Представившись столичной газетчицей, я покаялась:

– Простите мне это маленькое представление, госпожа…любезная хозяйка.

– «Чижик-пыжик»? – переспросила она. – Знаю. Регулярно из Мокошь-града заказываю. Только вот никаких Поповичей там не написано.

– Я же барышня, разумеется, приходится творить под псевдонимом.– развязно подмигнув, я исполнила мужской поклон. – Алан Легкоперый к услугам вашим.

С означенным господином знакома я была шапочно и посредством чтения его тухловатых сплетен, выдаваемых за журналистику. Он мне не нравился, что так, что эдак. Мадам же всплеснула руками:

– Легкоперый! Я ваша поклонница! Расскажите же, чем закончилось дело у князя К. с барышнею А., заметки на самом интересном месте прервались . Они поженились?

– Разумеется, – раскрыла я тайну, не углубляясь, впрочем, в подробности, что не друг на друге. – Любовь сломала все преграды.

– Как хорошо, – умилилась хозяйка. – Да вы присаживайтесь, госпожа… Евангелина Романовна. Что же теперь про Крыжовень в вашем издании пропечатаете? Чудесно! Обязательно заметку вырежу, в рамку на стену повешу. А, может, вы мне подпишете на память,чтоб совсем солидно получилось?

Заверив, что всенепременно, я приступила к допросу. Звали ее Марией Степановной Мишкиной, в миру – мадам Мими, была она мещанка, вдова и постоянная любовница кого-то из немалых местных чиновников. Эту тему я не ковыряла, чтоб не спугнуть, записывала быстро в блокнотике, не забывая заинтересованно кивать.

Вдова. В семнадцать лет вдова. Что ей еще оставалось, если денег нет, родни нет, а жить дальше хочется? Вот и пришлось единственное, что было, в оборот пустить. Да, она с самых низов начинала, фонарщицей. Так называли тех девиц, что поджидают клиентов на улице. Под котом ходила,тот по обычаю сутенерскому ее поколачивал, приятелям в аренду сдавал, все деньги отнимал до грошика. А потом как по волшебству черная полоса закончилась . Сереженьку ей бог послал.

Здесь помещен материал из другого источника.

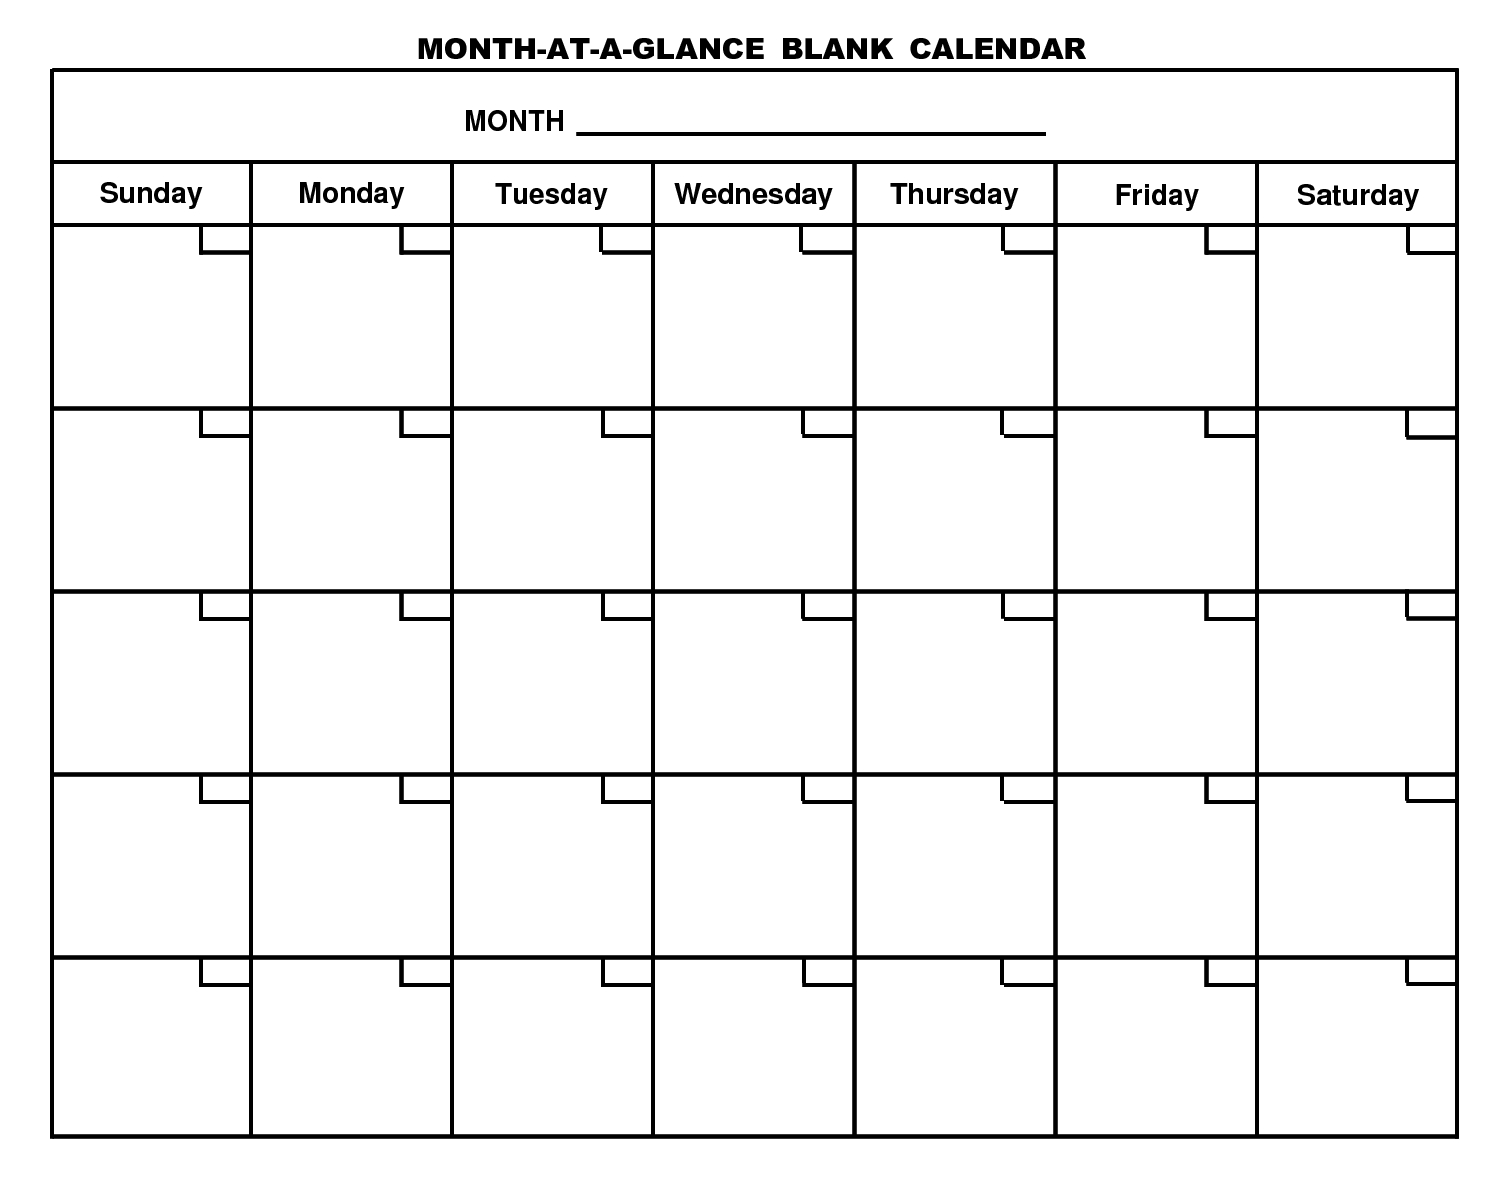 Catch Blank Calendar To Fill In

Я записала: «Сергей». История бандерши меня особо не интересовала, ну то есть, страшно на самом деле, что одинокая женщина в современном мире не может себя иначе прокормить, страшно и гадко,и делать с этим что-то надо, просвещать, учить, рабочие места организовывать, но сейчас я сильных чувств не испытывала, давала собеседнице выговориться, чтоб перейти к теме визита.

Бог послал ей Сереженьку, а кота, наоборот, прибрал, зарезали мучителя в пьяной драке, а того сутенера, что на нее права наследства заявил, нашли в Крыже, когда лед сошел, да таким от воды распухшим, что только по фиксам золотым опознали. Сереженька денег дал, обустроиться помог и по сей час заботами не оставляет.

Решив, что Мими достаточно размякла, я быстро спросила:

– Покойный пристав к вам хаживал?

– Господин Блохин? – она перекрестилась. – Заходил, не буду скрывать. А куда ему еще? «Храм наслаждений» – лучшее заведение в городе, девушки у нас чистые, молодые, я ведь абы кого к себе не беру, ежели косая или рябая, на улицу ступай.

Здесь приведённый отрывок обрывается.